| Exercise aim |
All of the data should be repeated exactly; pictures are not part of the copy.

| Information provided |
-*-
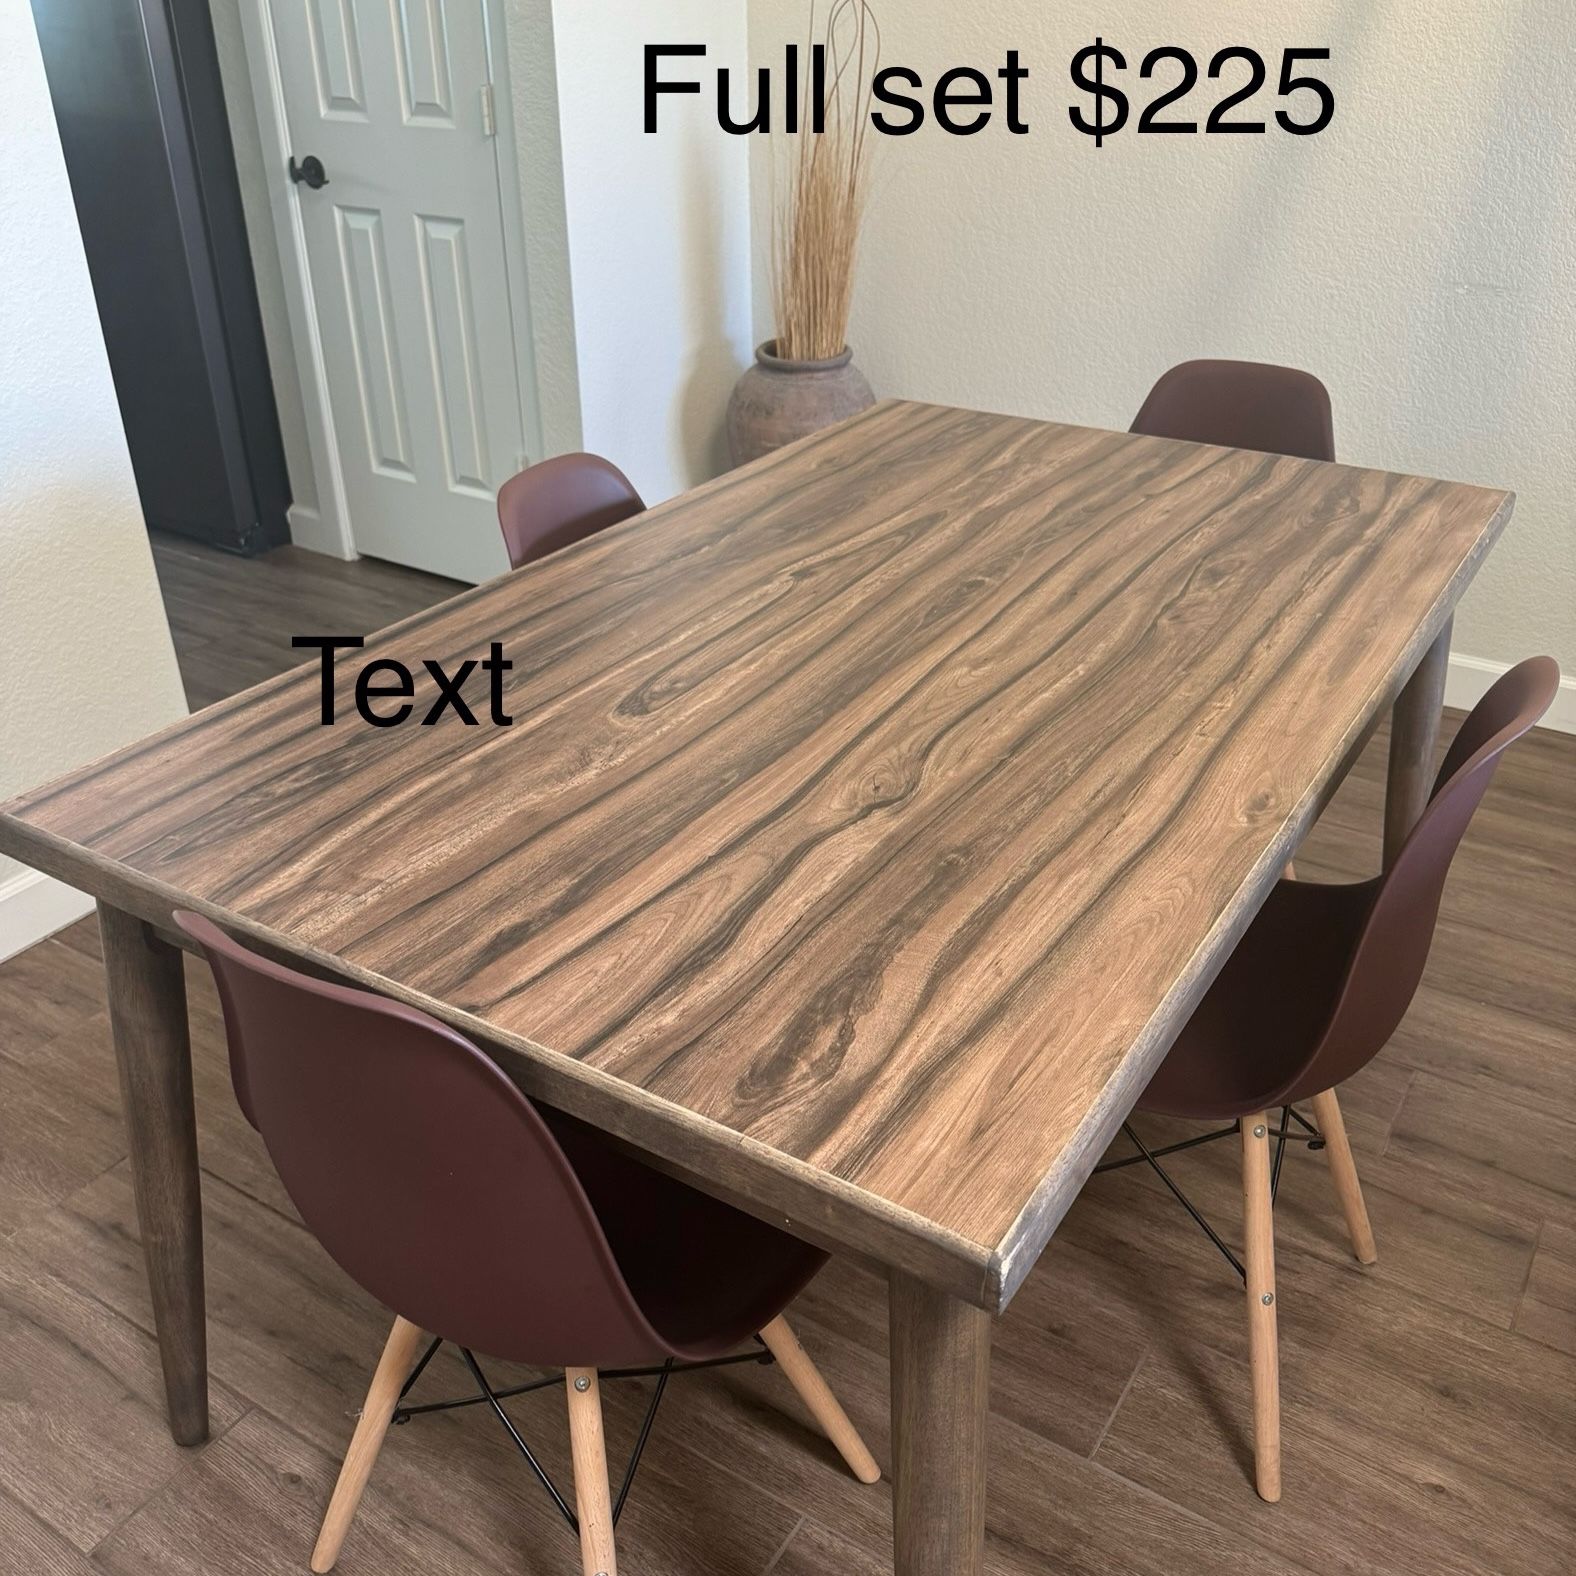 Table w Chairs 
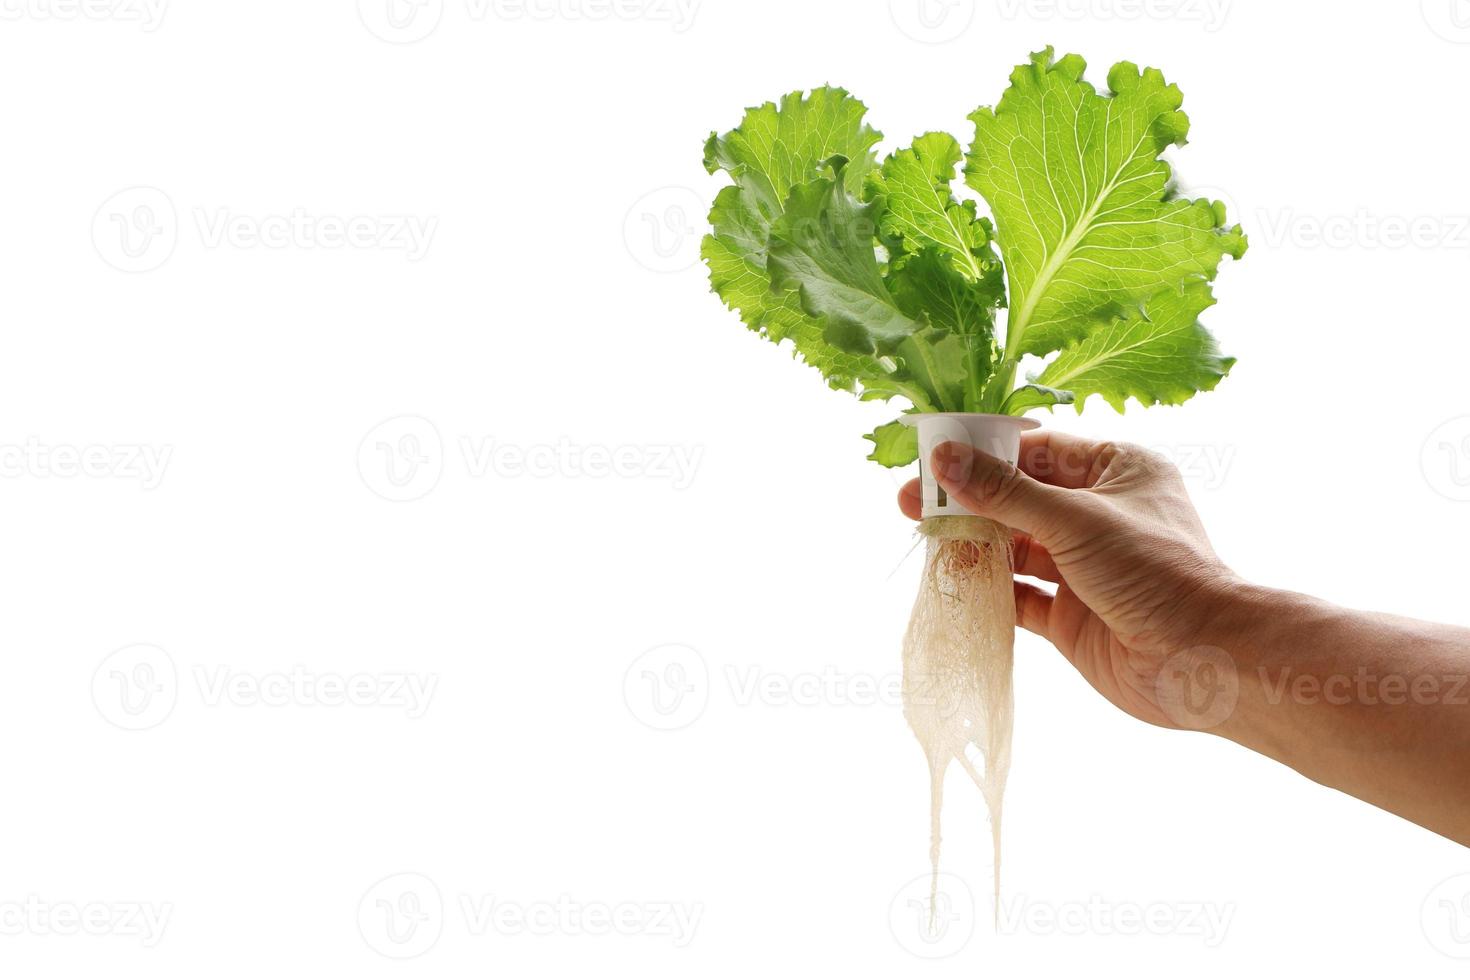 Hand of young man holding a white hydroponic pot with vegetable seedlings growing on a sponge isolated on white background with clipping path. Grow vegetables without soil concept. photo
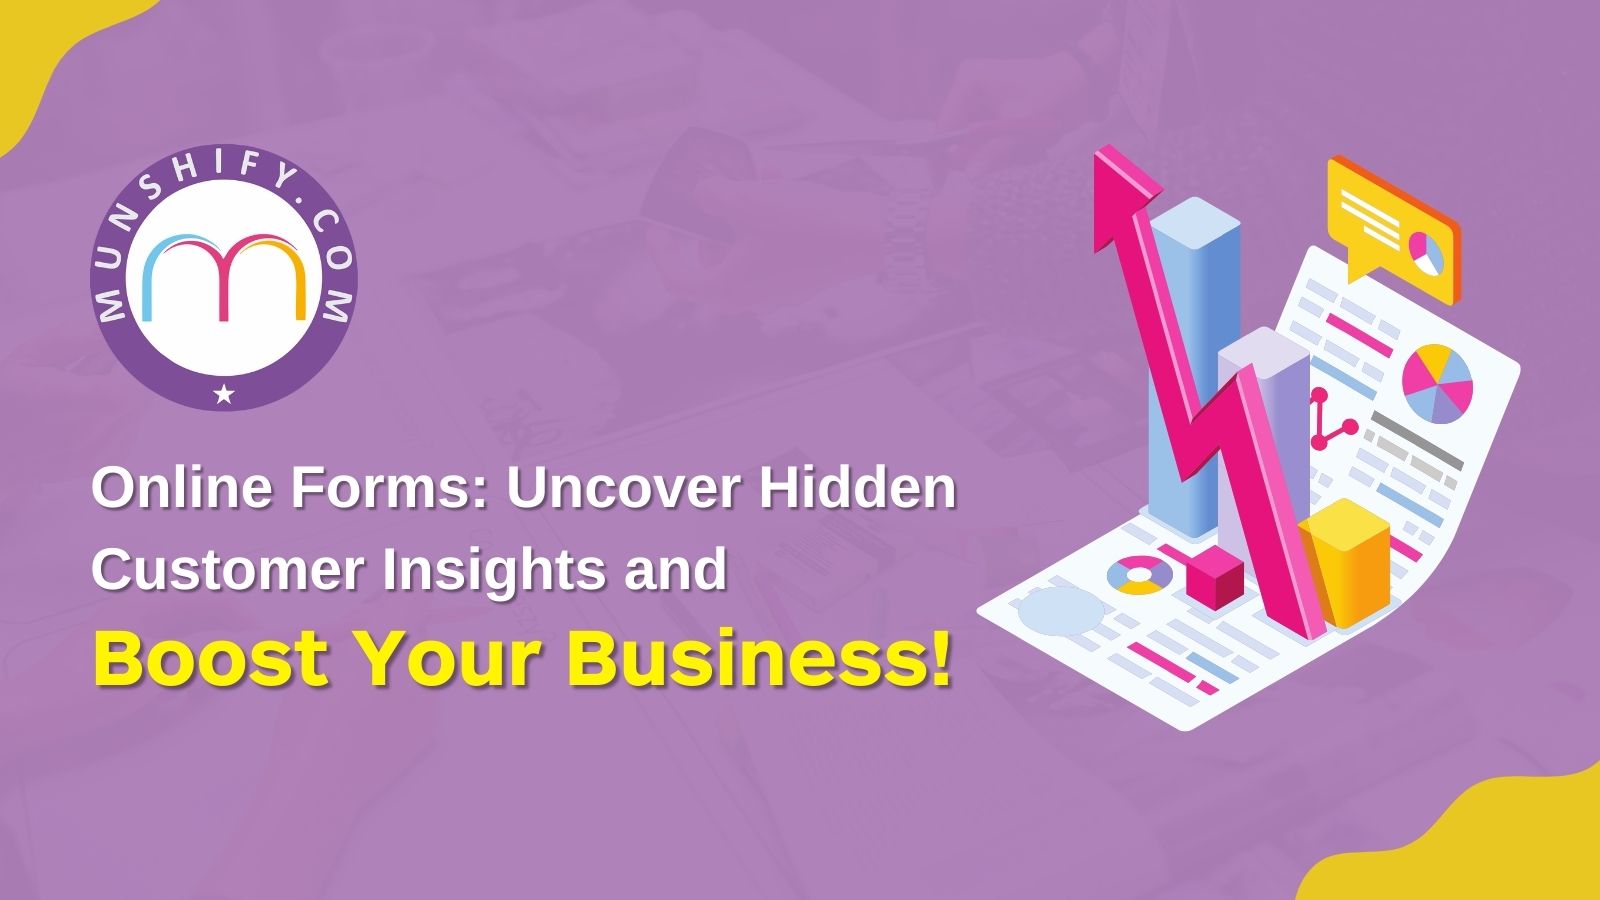 Online Forms: Uncover Hidden Customer Insights and Boost Your Business! 
-*-
| Answer space |
 Table w Chairs 
 Hand of young man holding a white hydroponic pot with vegetable seedlings growing on a sponge isolated on white background with clipping path. Grow vegetables without soil concept. photo
 Online Forms: Uncover Hidden Customer Insights and Boost Your Business! 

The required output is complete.